The Self-worth & Confidence I Gained Just CAN'T Be Put into Words! - Livingston, NJ
Motivation: I was a 34A cup with a wider bottom...
Motivation: I was a 34A cup with a wider bottom "half." My body type stats: 5'6"/130lbs at time of surgery/ size 6 pants. I ALWAYS felt self conscious about my body and it deterred me from even being sexually active at times. I hated swimsuit season, and hid in my clothes because I was so ashamed, felt worthless about what I looked like. Serious confidence issues.
Outcome: Sheer perfection (for me.) I went from 34A to 34D, and my breasts are natural looking under clothes, as well as proportionate to my body. Before you assume that this is a HUGE cup size increase, realize that I had enough "fatty tissue" that when my breasts finally settled, they look damn near natural (and I feel like that's not always the case with this type of surgery.) Also, my surgery was via my nipples: the bottom halves were sliced and the (saline) implant was inserted. The scarring of my nipples is so minimal that I don't even notice it anymore. If this is going to be your route, use neosporin and scar reducing ointments for 6 months to a year. You'll have a scar no matter what, but minimizing it is possible. FYI: I did NOT lose sensation in my nipples. They are actually more sensitive now, which is kind of nice.

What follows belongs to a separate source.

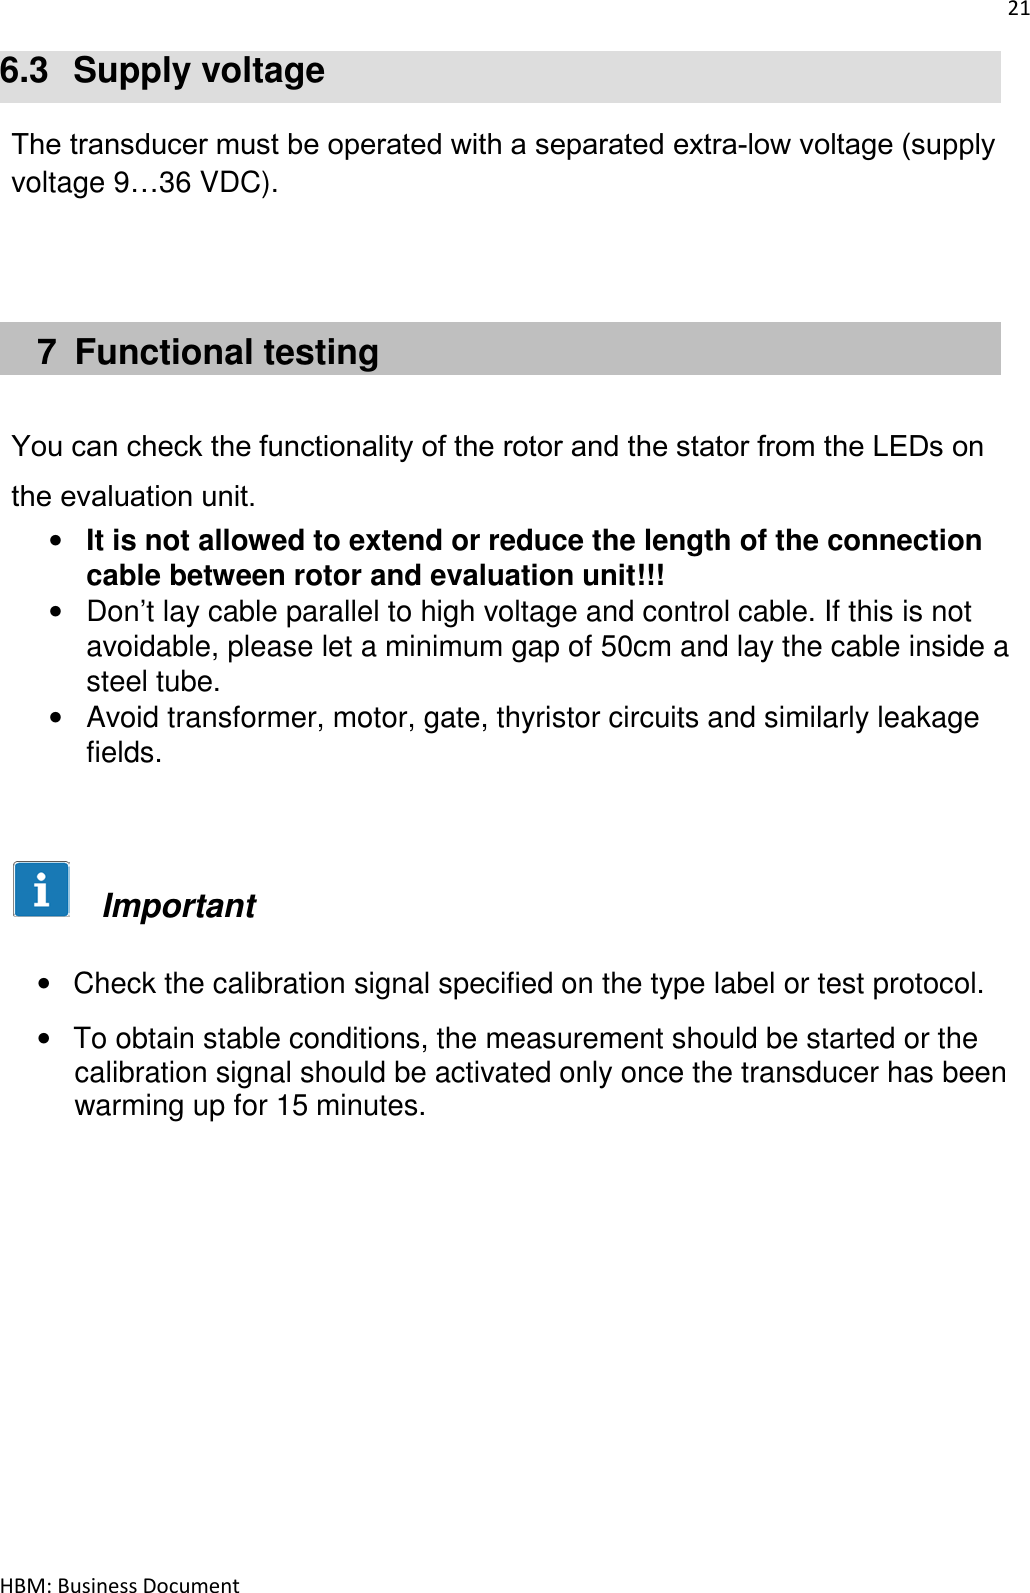 21  HBM: Business Document 6.3  Supply voltage  The transducer must be operated with a separated extra‐low voltage (supply voltage 9…36 VDC).      7  Functional testing   You can check the functionality of the rotor and the stator from the LEDs on the evaluation unit. • It is not allowed to extend or reduce the length of the connection cable between rotor and evaluation unit!!! •  Don’t lay cable parallel to high voltage and control cable. If this is not avoidable, please let a minimum gap of 50cm and lay the cable inside a steel tube. •  Avoid transformer, motor, gate, thyristor circuits and similarly leakage fields.          Important  •  Check the calibration signal specified on the type label or test protocol. •  To obtain stable conditions, the measurement should be started or the calibration signal should be activated only once the transducer has been warming up for 15 minutes.             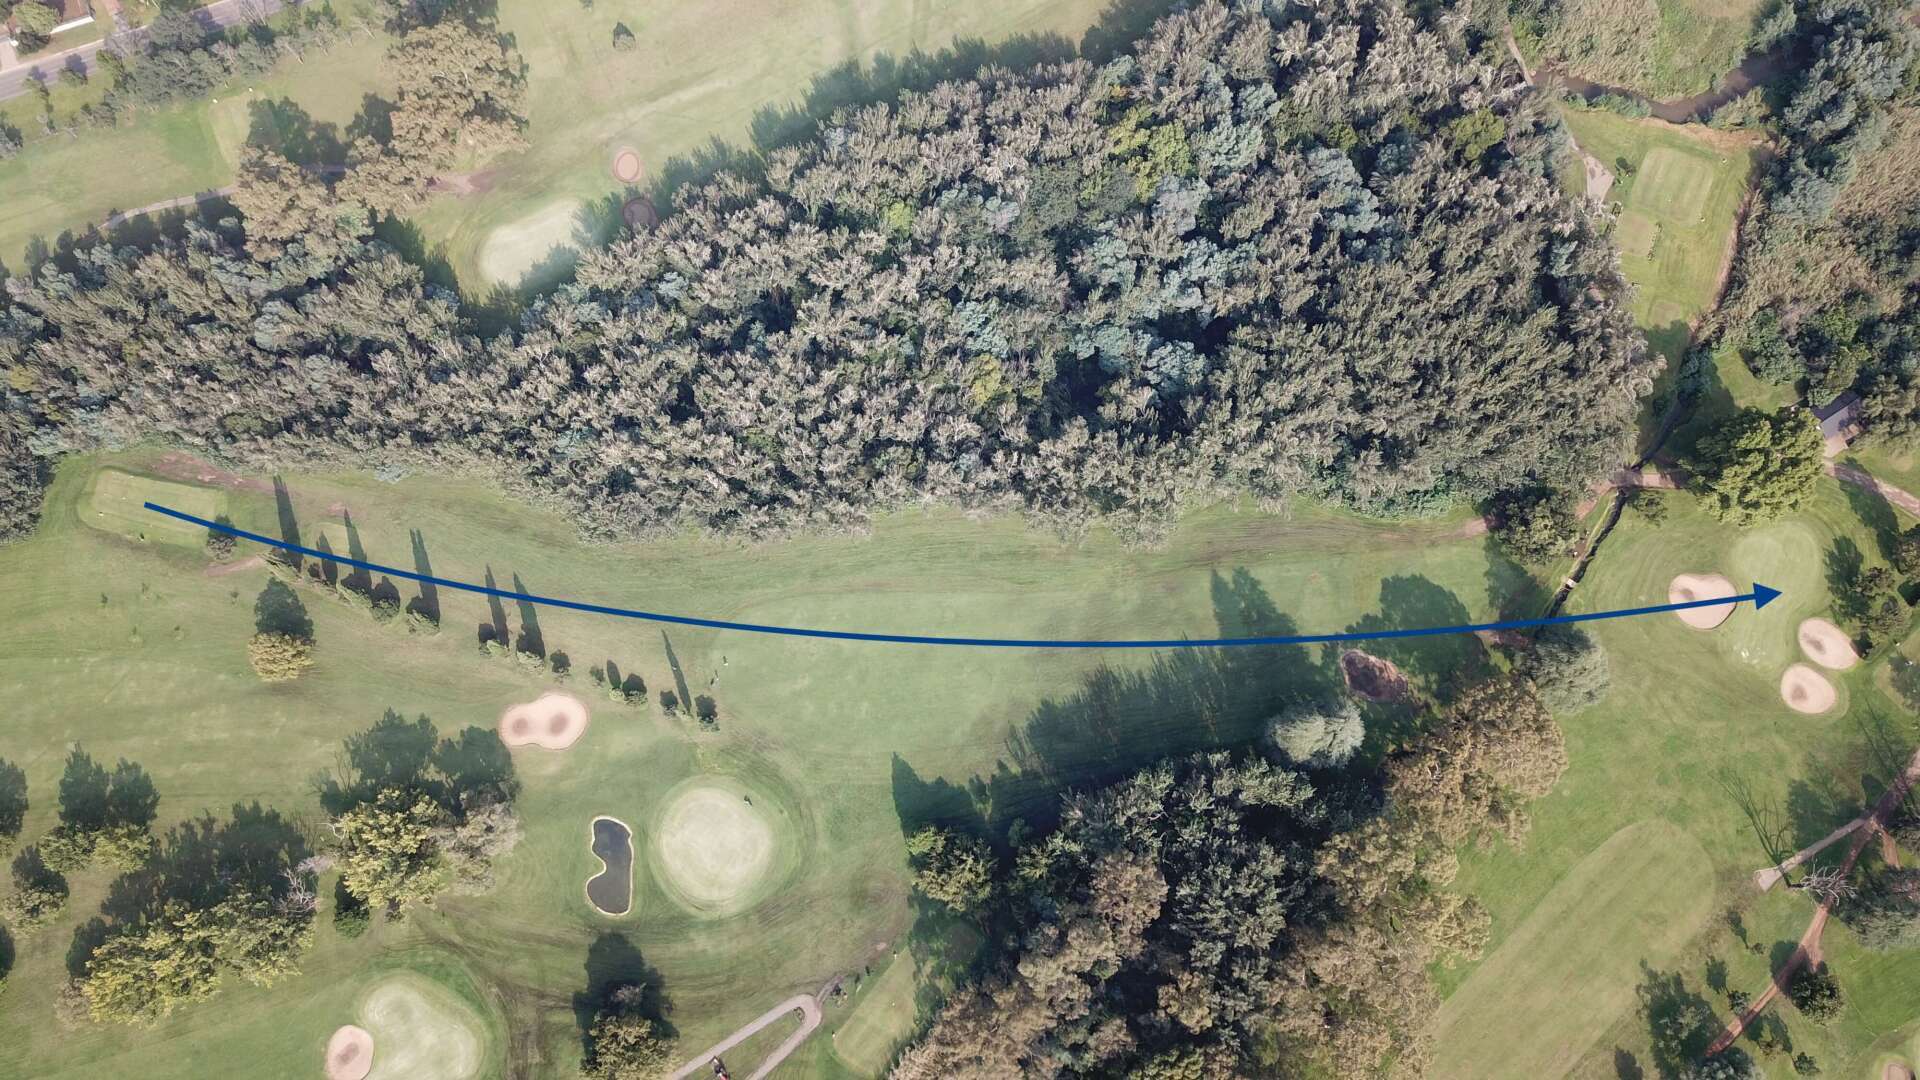 Hole 9 of the course

This changed my life...: Not only am I more self confident in my appearance, I feel more capable, less judged, more beautiful and sexy. I enjoy sharing my body with my fiance, as before I never fooled around WITHOUT the lights off, because I was so ashamed. I'm not embarrassed to be in a swimsuit. I like shopping for clothes. This surgery actually made me MORE modest than I was before, because I realize I finally have what I always dreamed of, and envied on other people -- it makes me feel like my breasts are this treasure chest (pun intended) that should be shared with only myself and my sexual partner (the special people.) I don't flaunt them, very rarely wear cleavage revealing shirts, etc. Of course the first few weeks after healing, I loved to show them off, but eventually they became normal to me and I put them "away." I also share this experience with friends who are interested in breast augmentation, and I stress to them that this really, REALLY was the best purchase I have EVER made.
Personal goals: This also ties into what I wished I knew before the surgery -- breast augmentation is an enhancement. It's not the end-all-be-all of your journey to positive body image and self confidence. Does it help tremendously? Hell yes. However, I've realized that this surgery, combined with a lifestyle change (eating healthy, exercising, spiritual stimulation and expansion, education, etc.) have COLLECTIVELY made me who I am today. If you're considering this surgery, congratulations, because this is the first step. It's not the last though. And I stress, don't get addicted to the "fast fixes." Remember, these are in fact enhancements: additions to the vital life changes/habits you should seek regardless of surgery.

Replies (5)
Fantastic review! Thank you so much for sharing your experience.